A new flood warning system will give residents of a water-weary town in northwest Ohio an advance warning the next time the Blanchard River spills over its banks.
Residents of Ottawa in Putnam County will be able to receive text alerts from the system that will be able to send out warnings alert at least 24 hours before a flood hits.
The $200,000 warning system will pay for itself because it will give people in the Putnam County town more time to protect their belongings, said Scott Jackson, a deputy director with the U.S. Geological Survey, which helped develop the system.
“People can help themselves to prepare,” he said. “They will have more time to move items such as cars and furniture out of the flood area.”

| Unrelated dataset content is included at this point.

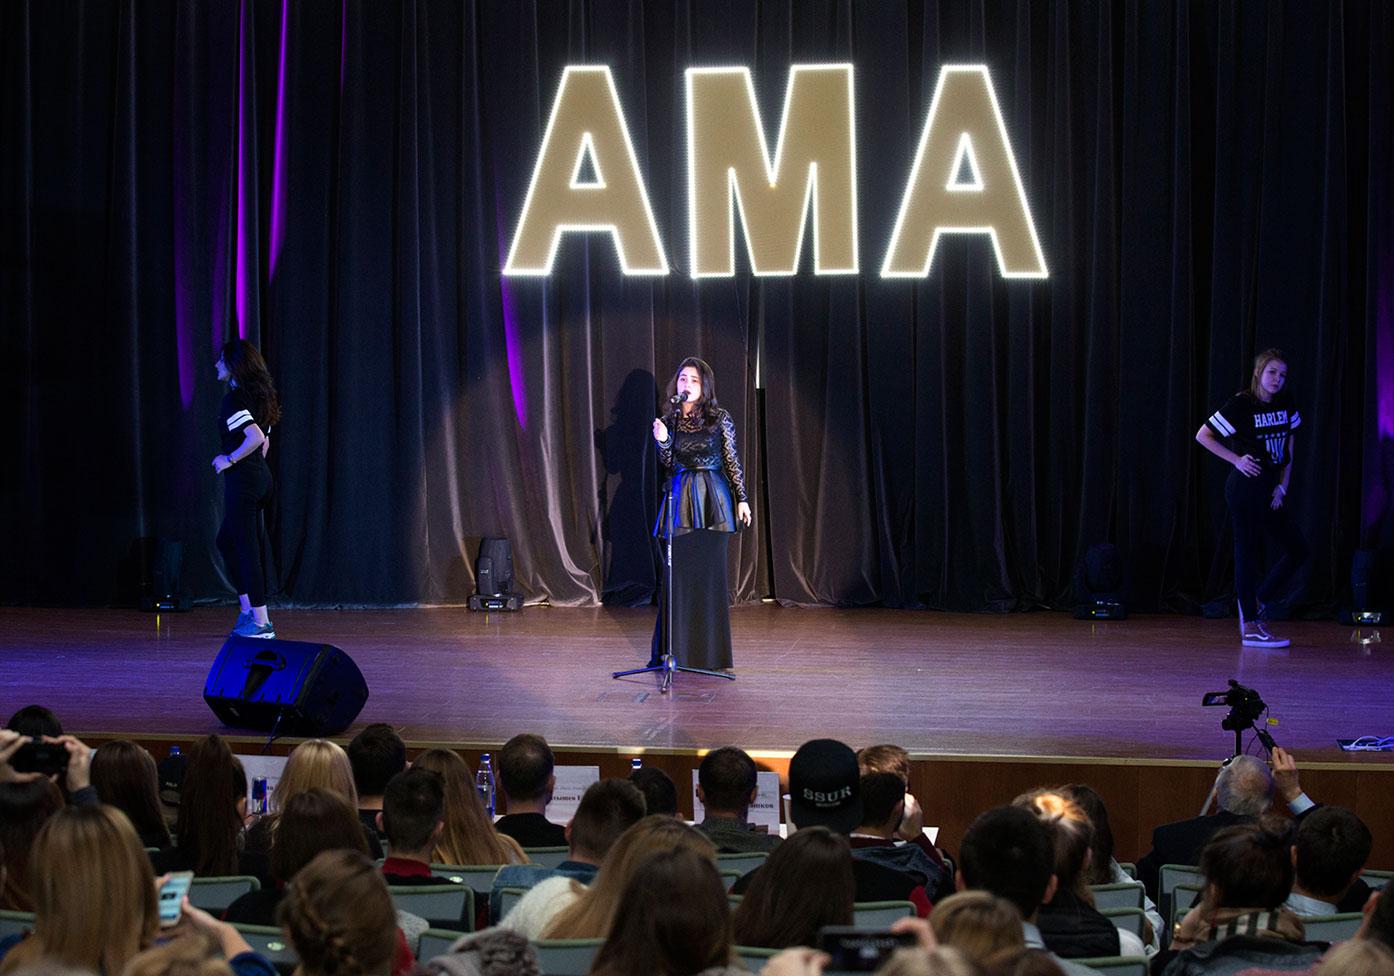 Определены победители Academic Music Awards – 2016 РАНХиГС. 2 место – Эльмира Абдуллаева, 1 курс, ИПиНБ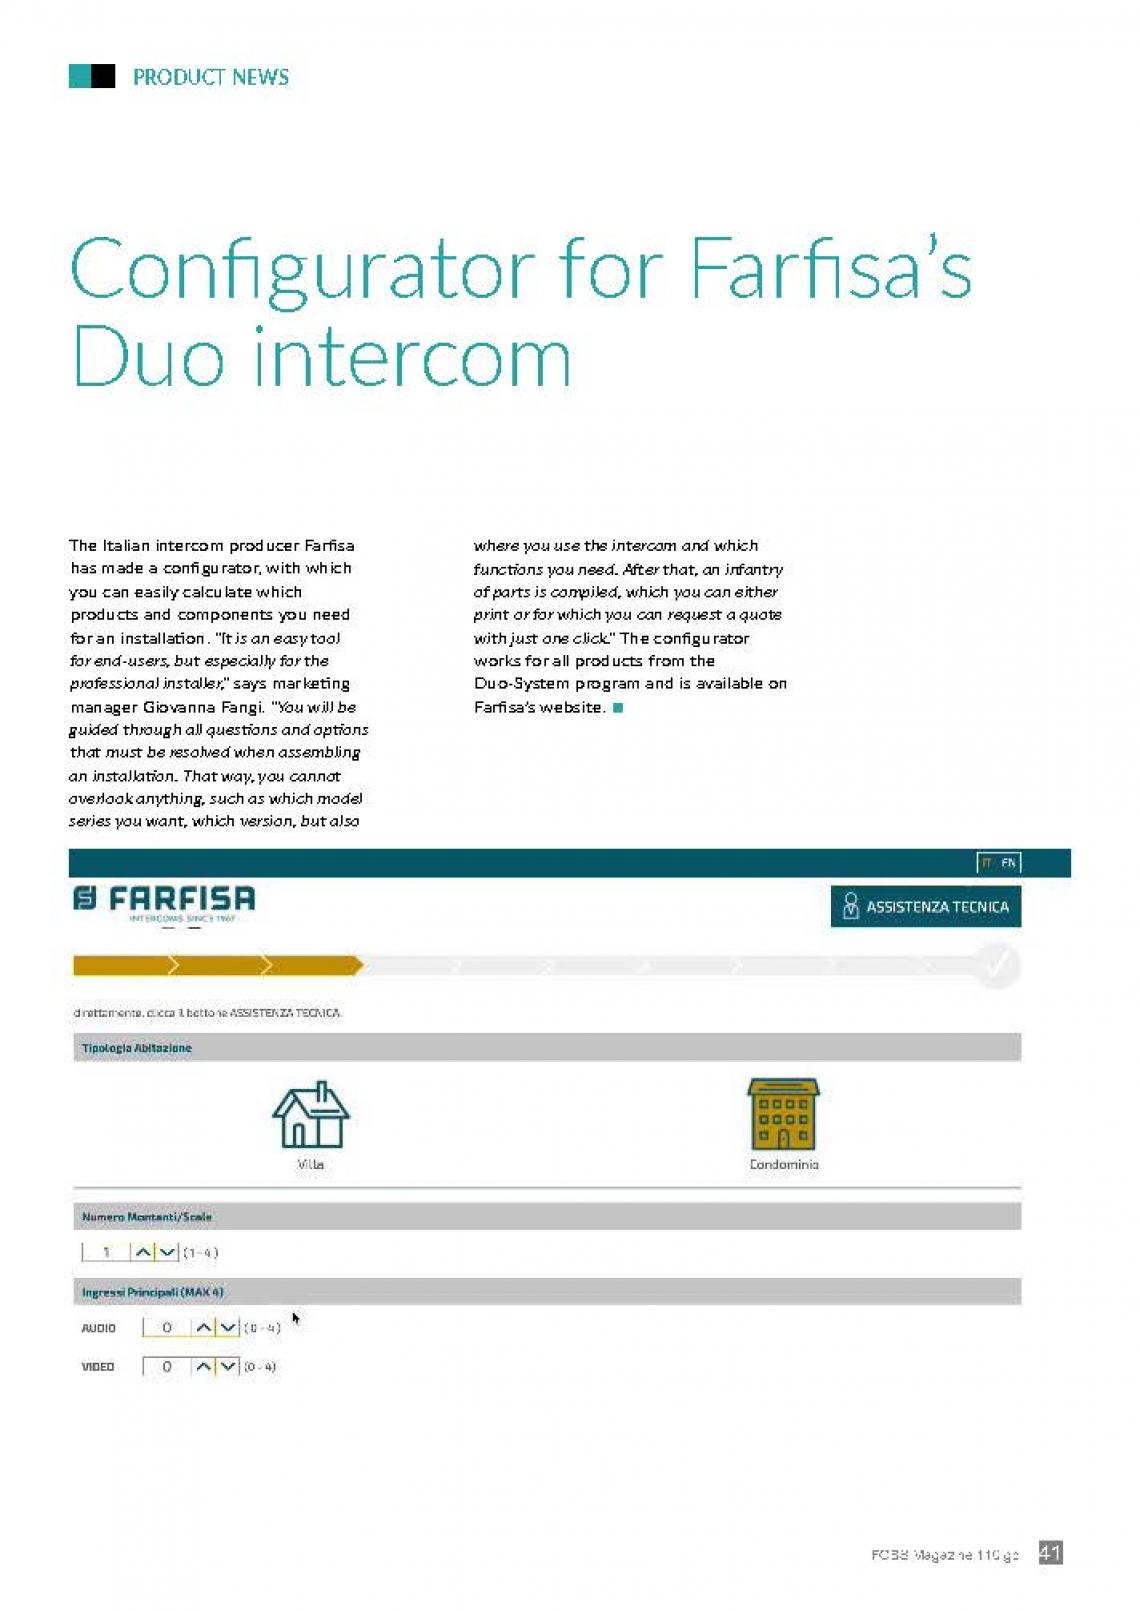 Un configurateur pour la vidèophonie DUO de Farfisa

The estimated reduction in flood damage costs when there is a 24-hour advance notice is about 30 percent, he said.
Flood prevention has become a top priority along the Blanchard River where five major floods since 2007 have soaked the towns of Findlay and Ottawa.
The worst damage came in August 2007 when flooding caused more than $100 million in damage in Findlay and an estimated $12 million in damage in Ottawa.
Findlay received a warning system three years ago.
The cost of the system in now is being paid for by the town, the U.S. Geological Survey and the Natural Resources Conservation Service. It includes three stream gauges to monitor water flow and levels.
“We take lessons from past floods, integrate them with detailed mapping, then bring the community and outside agencies together to improve our flood warnings capabilities,” said Trent Schade, a hydrologist with the weather service.
A map of the area will give officials a better idea of what areas will be under water as the water rises. Residents and business owners will be able to see the maps on the Internet.
“They help people visualize which areas will likely be flooded as the stage gets higher,” said Matt Whitehead, a Geological Survey hydrologist.
Other efforts to find ways to control flooding have been going on for several years, but the slowness of federally required flood studies and the uncertainty over how long it will take to build flood-control projects have led to frustration.